(Beginning of INPUT DATA)
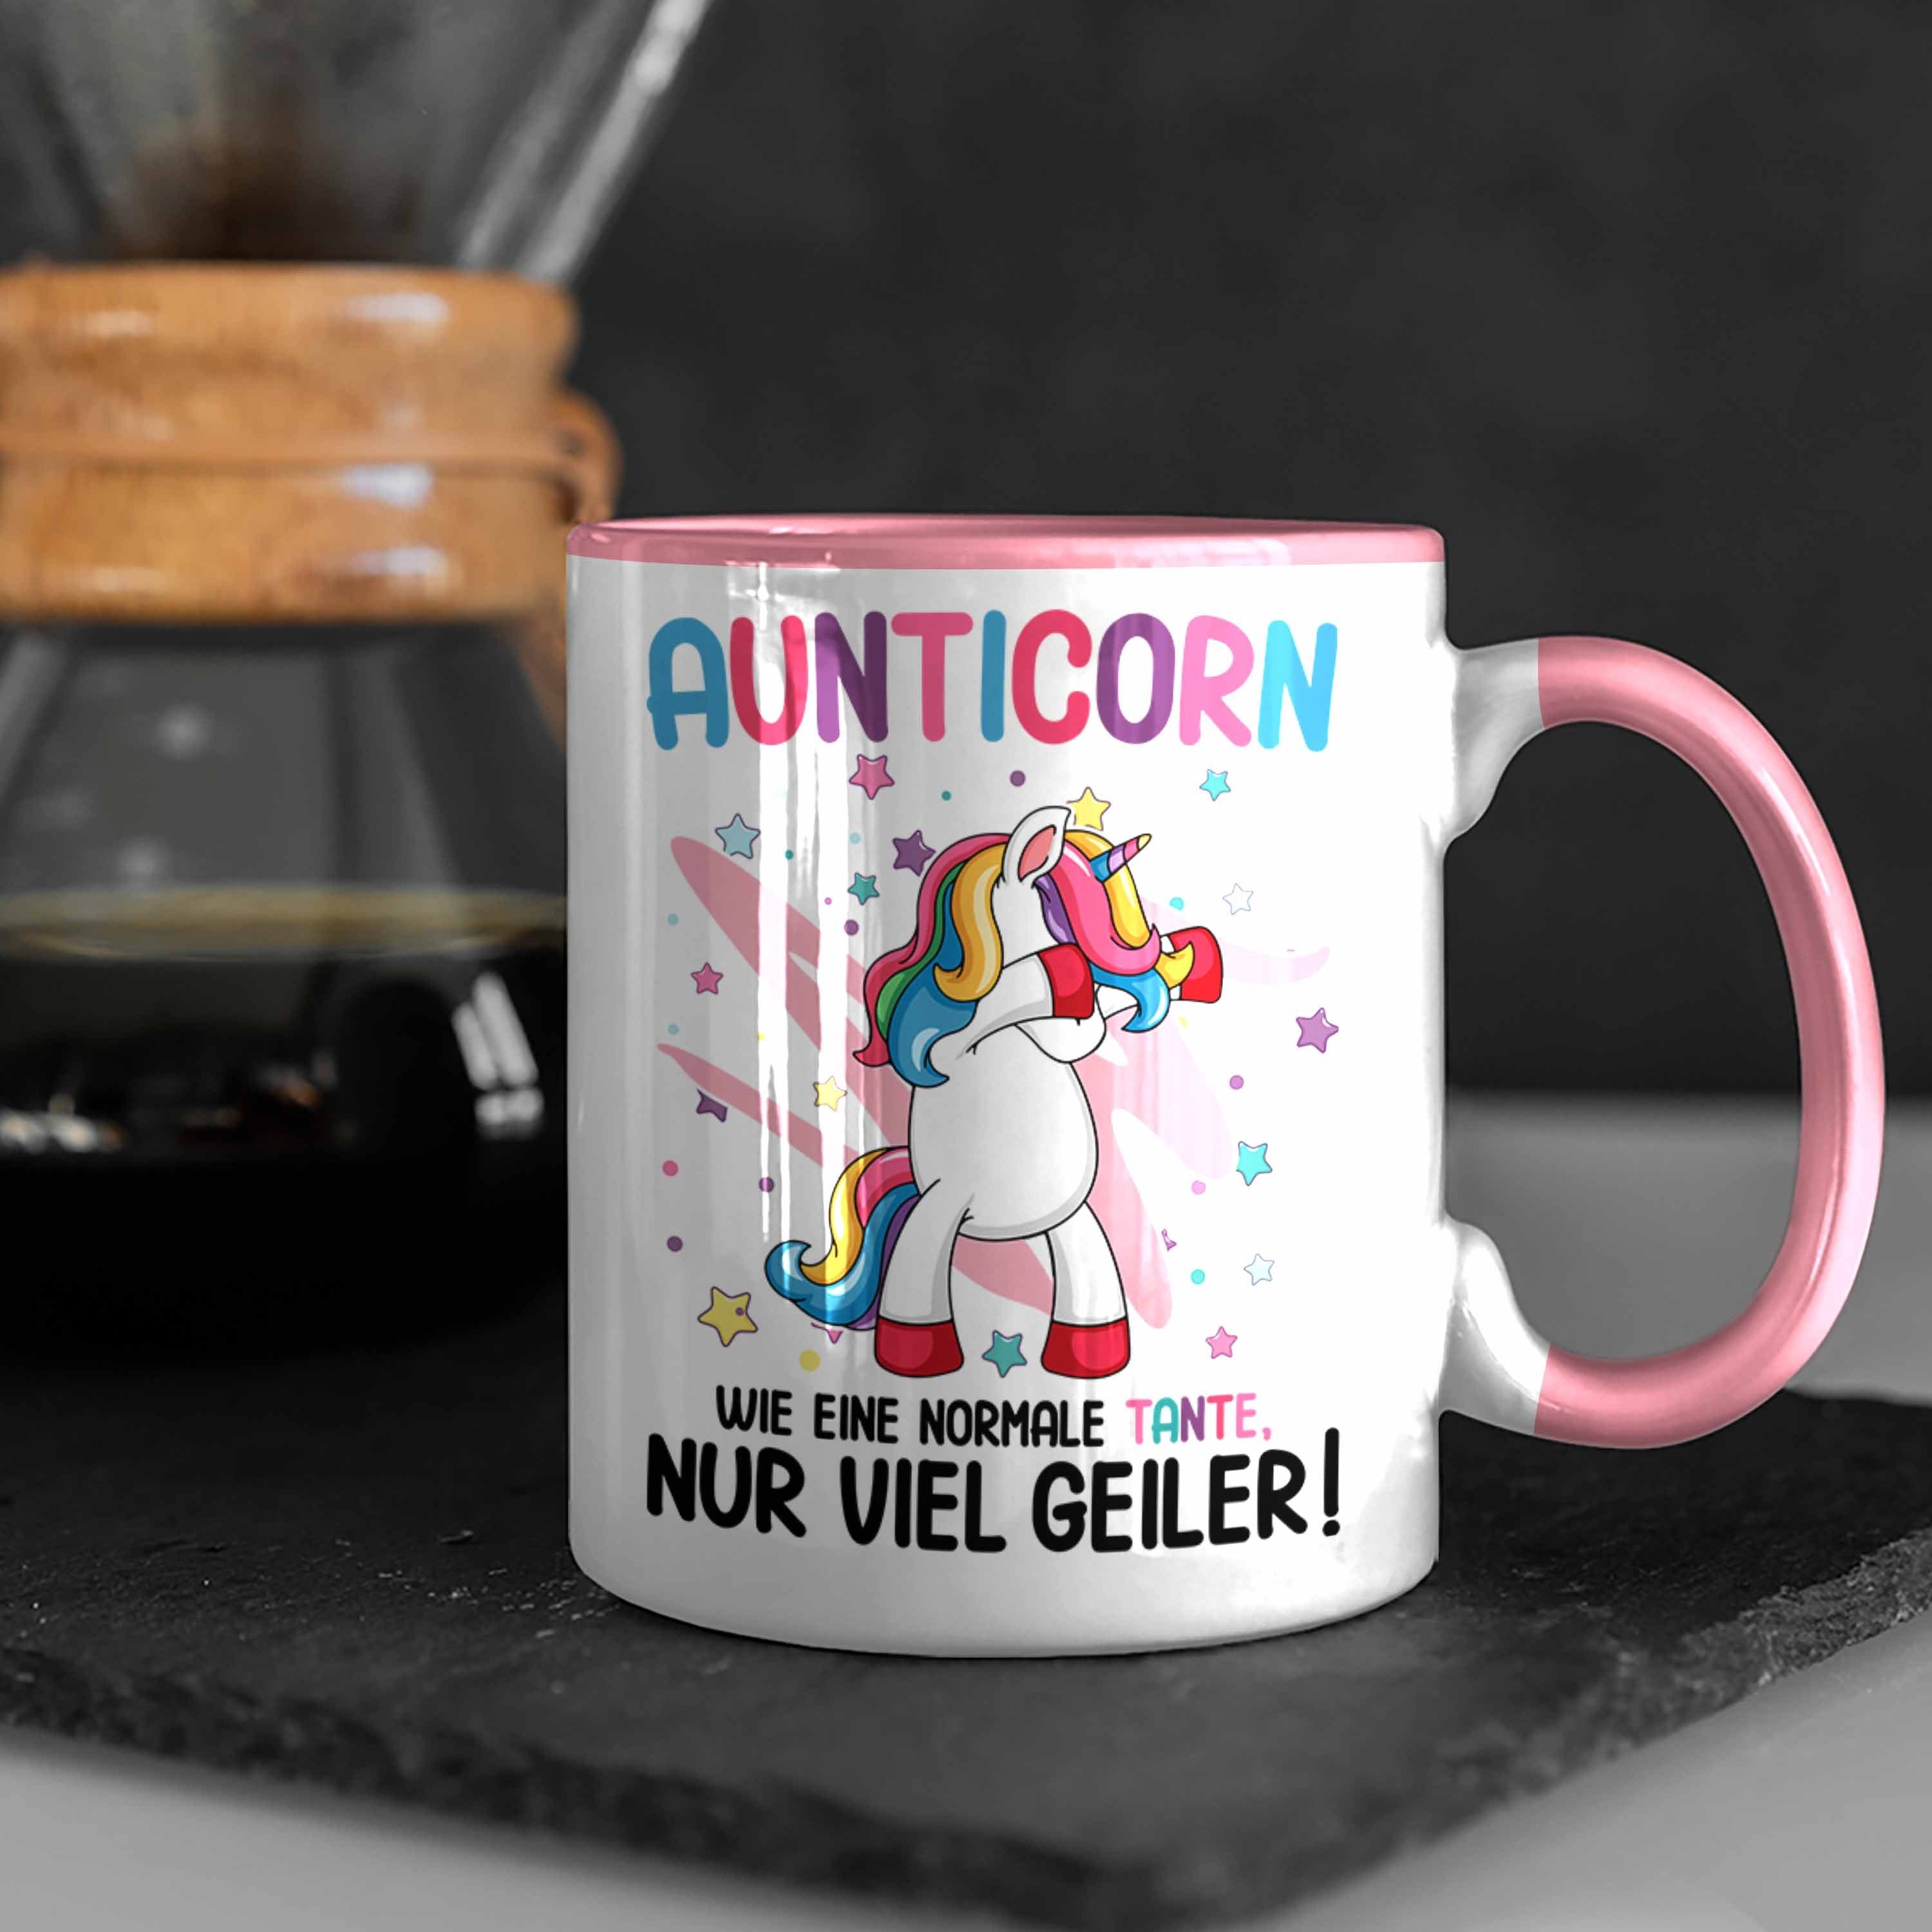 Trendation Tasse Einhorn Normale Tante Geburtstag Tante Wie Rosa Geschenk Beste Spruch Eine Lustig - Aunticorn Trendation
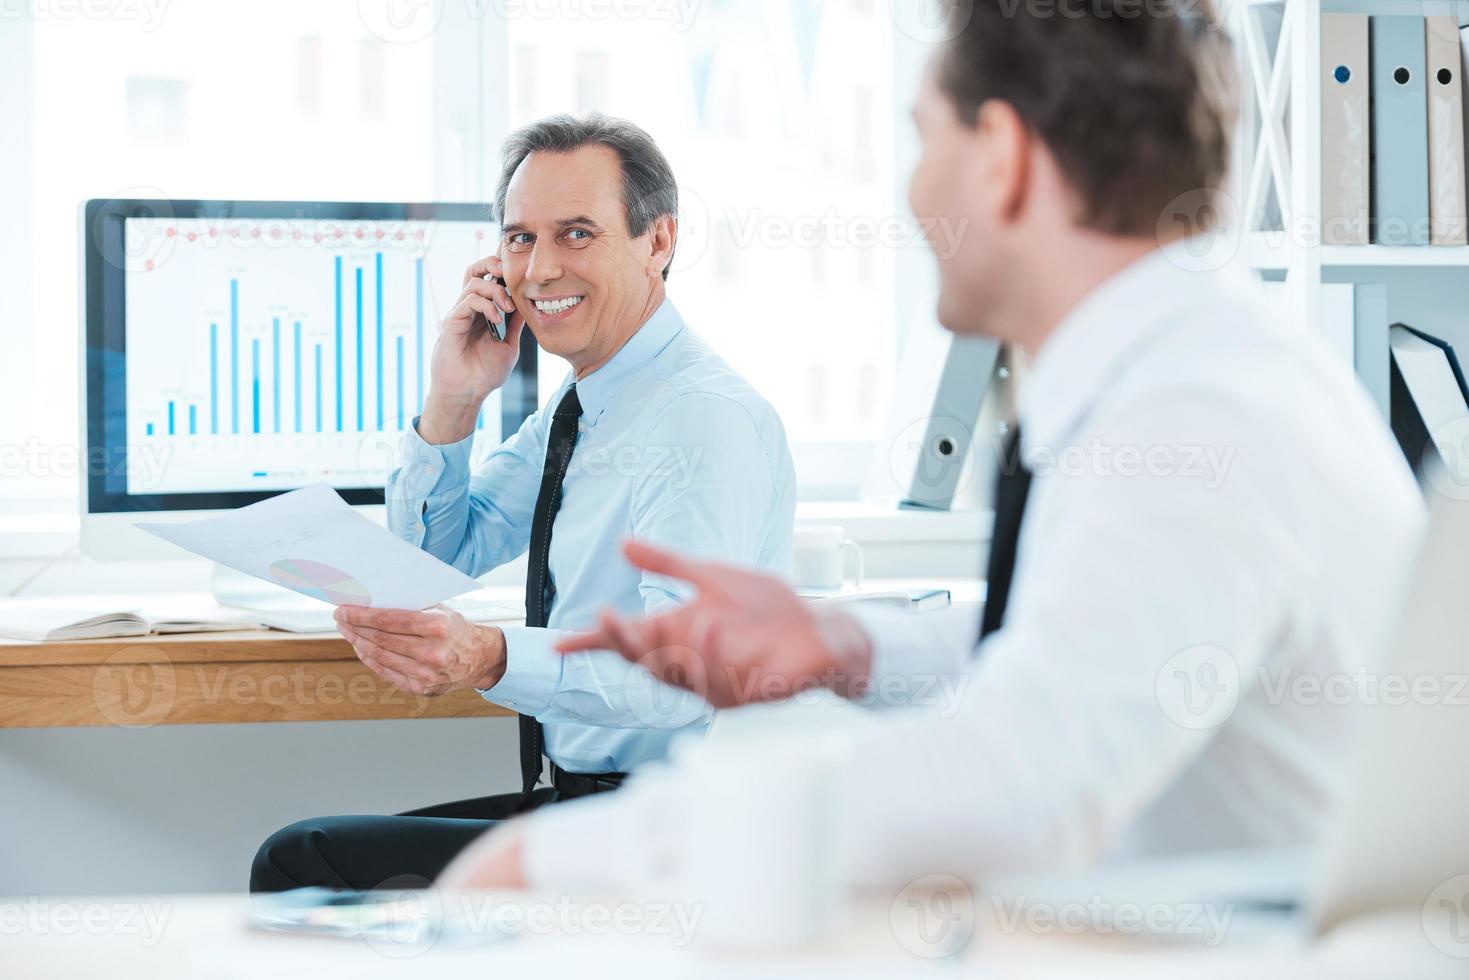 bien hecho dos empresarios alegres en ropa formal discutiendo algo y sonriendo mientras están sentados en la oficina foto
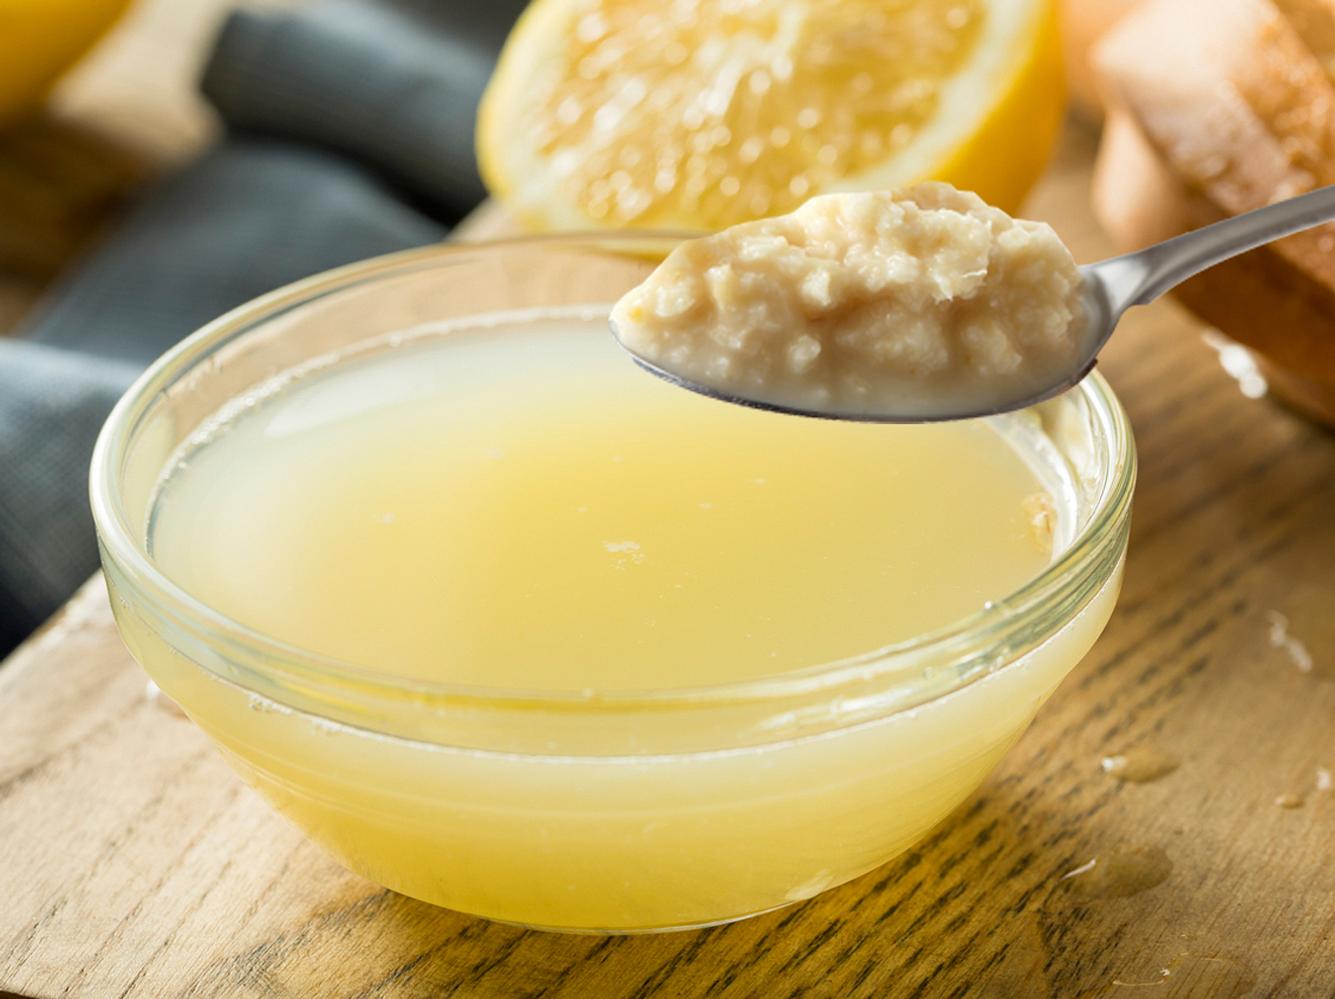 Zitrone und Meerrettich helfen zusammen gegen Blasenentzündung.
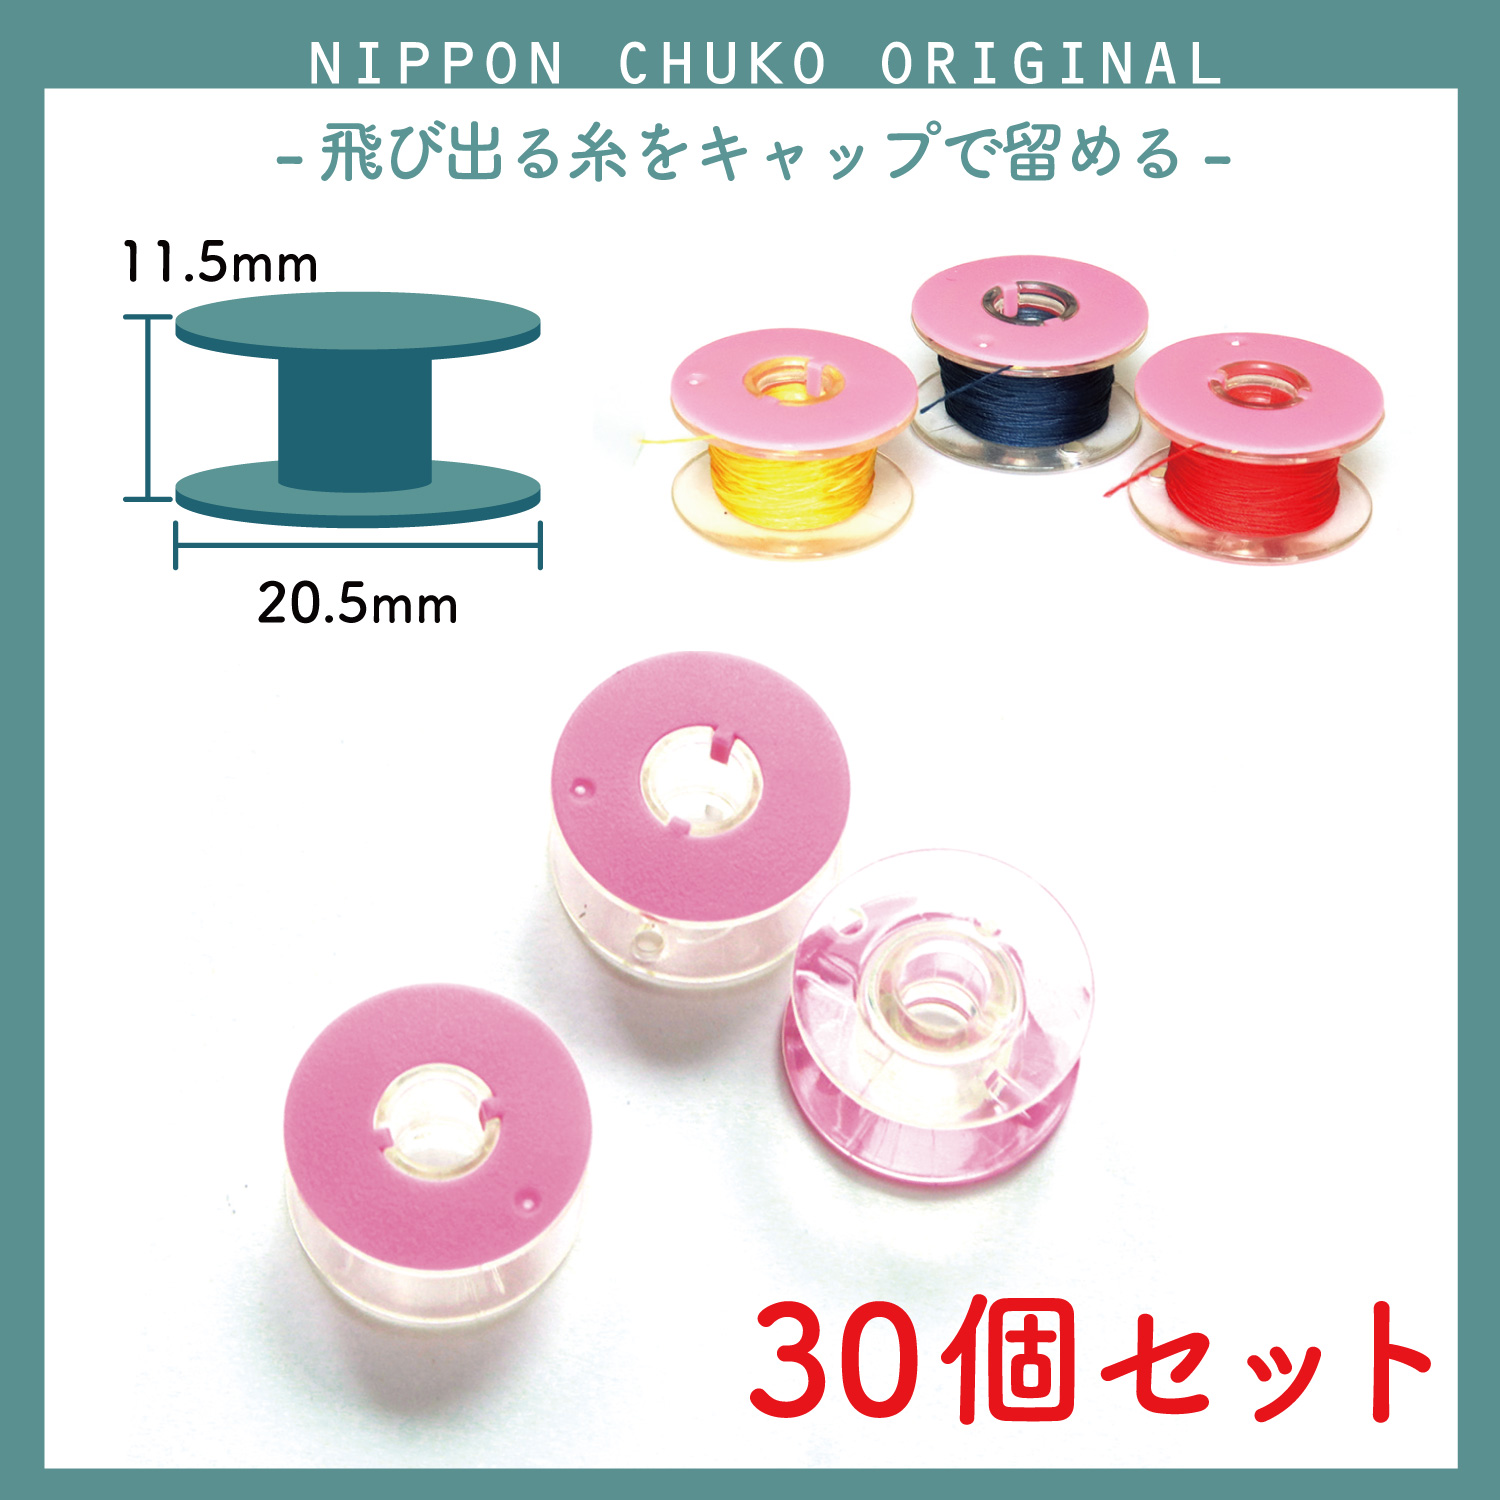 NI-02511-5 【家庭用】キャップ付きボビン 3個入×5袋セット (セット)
(End of INPUT DATA)
Every line above should be repeated exactly; pictures stay out of the copy.

 Trendation Tasse Einhorn Normale Tante Geburtstag Tante Wie Rosa Geschenk Beste Spruch Eine Lustig - Aunticorn Trendation
 bien hecho dos empresarios alegres en ropa formal discutiendo algo y sonriendo mientras están sentados en la oficina foto
 Zitrone und Meerrettich helfen zusammen gegen Blasenentzündung.
 NI-02511-5 【家庭用】キャップ付きボビン 3個入×5袋セット (セット)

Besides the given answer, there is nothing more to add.